The glossy black roof tiles gleam like dark water. A traditional Japanese house, it looks huge. He parks the car by the iron gate. In the front yard, a large stone Buddha with a big belly greets them with a big smile. Someone has planted a bonsai garden of dwarf pine trees, but she's drawn to the rock garden next to it, with five big gray boulders. The huge rocks are surrounded by a sea of gray, white, and black pebbles, neatly raked, the tongs making flawless lines that never cross, never touch. Such order, she thinks, and precision.

Inside they remove their shoes, setting them beside a jumble of men's black dress shoes, brown, sneakers, boots, slippers, moccasins; it looks like five men live here, not two. A wooden bodhisattva stands by the shoes, as if guarding them. This one's smile almost seems smug, as if it knows something you don't. The house is still, only the occasional sound of a twig or pine cone pinging the roof. It's freezing and it's so quiet. Too quiet. Is the great Moto even here? She buttons her coat to her chin and pulls on her gloves again.

Renzo takes the stairs two at a time. She hears him above her, opening doors, closing them. A big drafty house. He calls out, “Make yourself at home!”

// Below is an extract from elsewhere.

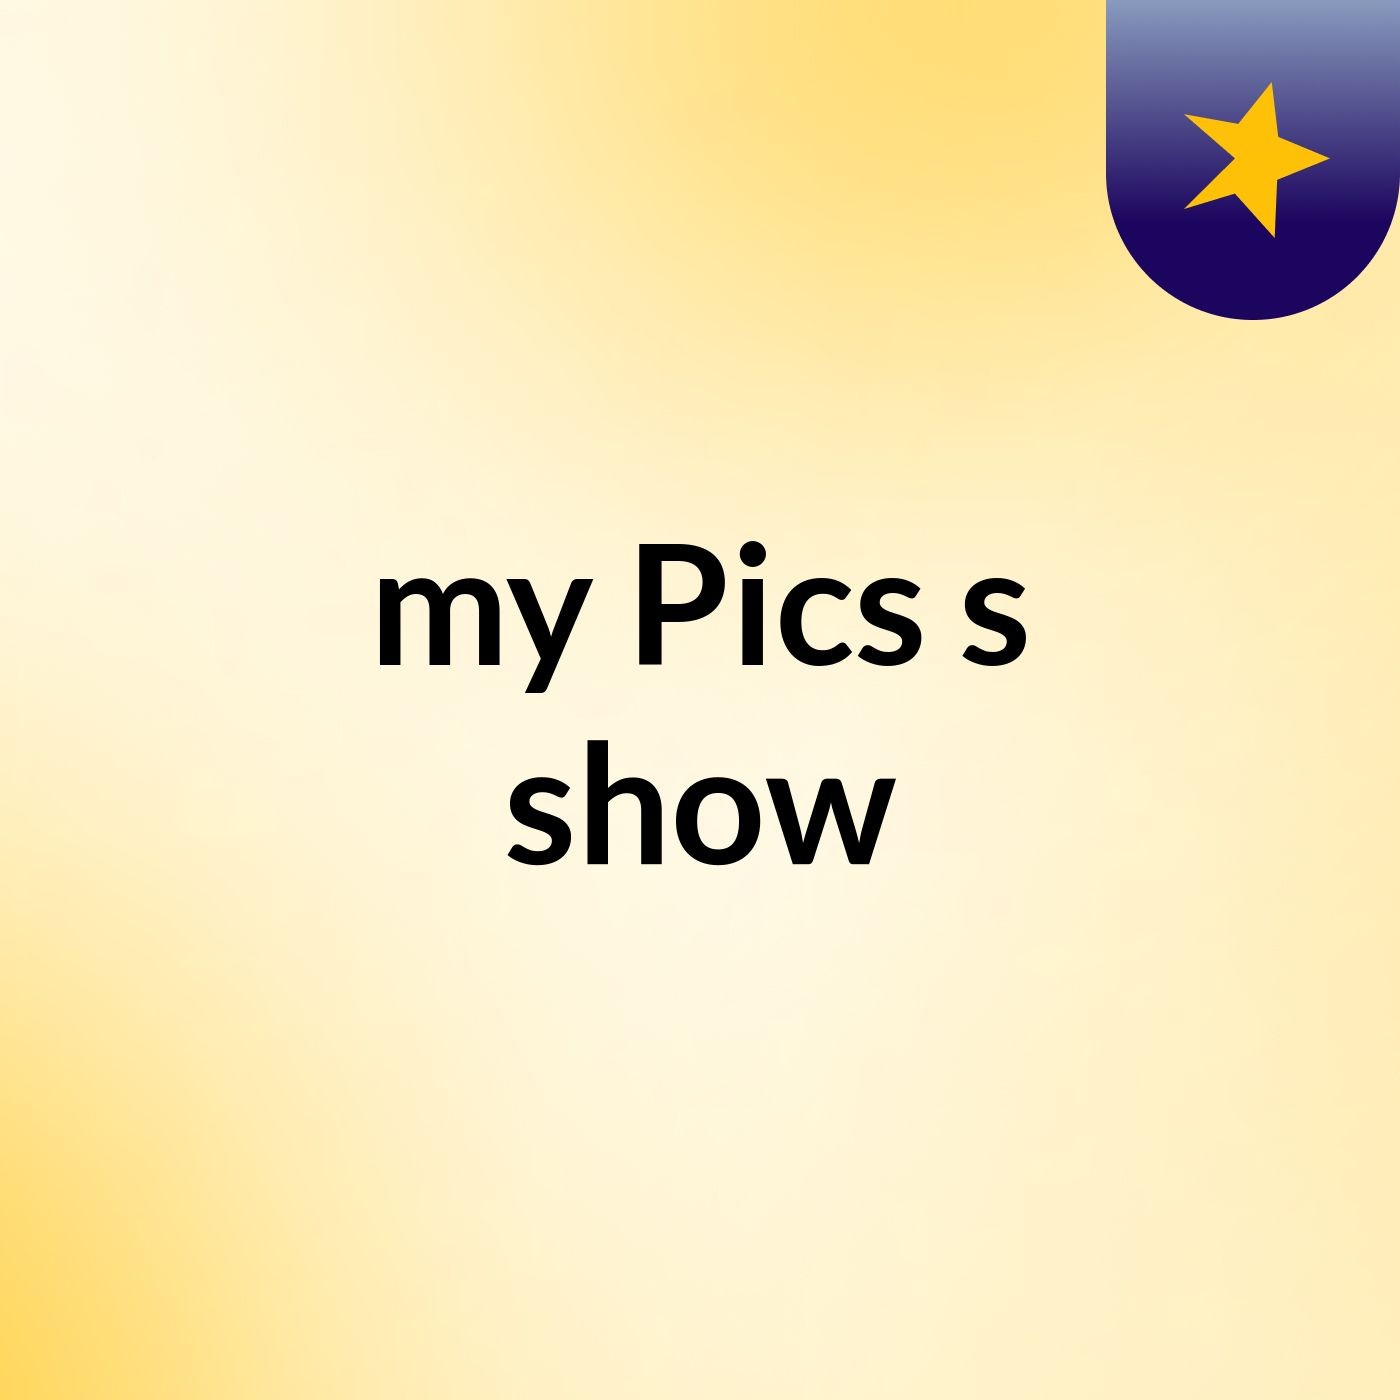 my Pics's show

Wearing her socks, she pads into the first room, a long stretch of golden tatami mats, and two Buddhas, side by side. In front of both Buddhas are incense holders, a line of stubby white candles, and two mandarin oranges. Shrines to Renzo's deceased parents, most likely. Another Buddha, this one larger than the others, sits like a sentry in the corner. It, too, has candles, incense, oranges, and also apples in front of it. Probably offerings to the beloved ancestors.

She slides open a shoji paper wall; nothing but a fish tank with goldfish and a dark wood table hovering over a square recessed area in the floor. The room could be called empty, but she doesn't feel a lonely vacancy, only an essential elegant beauty, everything subtracted except that which appeals to the eye. She's always felt comfortable in Japanese-style homes. When she lived with her mother in Tokyo, they decorated their apartment like this, with tatami mats made of stiff rice-straw, paper walls from the inner bark of mulberry trees.

She slips her legs underneath the table and, leaning under, finds the knob to the kerosene space heater. The coils glow orange with a hint of rose.

Renzo finally joins her. “He said he'd be here.” His face is creased with worry.

“Maybe he stepped out,” she offers.

He sighs deeply.

“Or something came up,” she said, hoping her tone doesn't sound too disappointed. Did she come all this way for nothing?

“I'm sorry to tell you this.” He hesitates. “Moto has not been himself lately.” He looks down at the table, as if embarrassed, then excuses himself and steps into the kitchen.

An actor. She can conjure up the handful of actors whom she's met. Performers, entertainers, solitude makes them lonely, and private love is a pale version of what they really want—the unwavering love of an audience. With their expanded presence, they make you feel part of something larger, somehow exalted, more vast, playing a bigger role than you ever imagined—but not necessarily the role you would have chosen. He's probably very charming. And now he's out of work. Maybe Renzo invited her so he'd have a new member of his impromptu audience. But, out of practice, he didn't feel ready, so he skips out on dinner.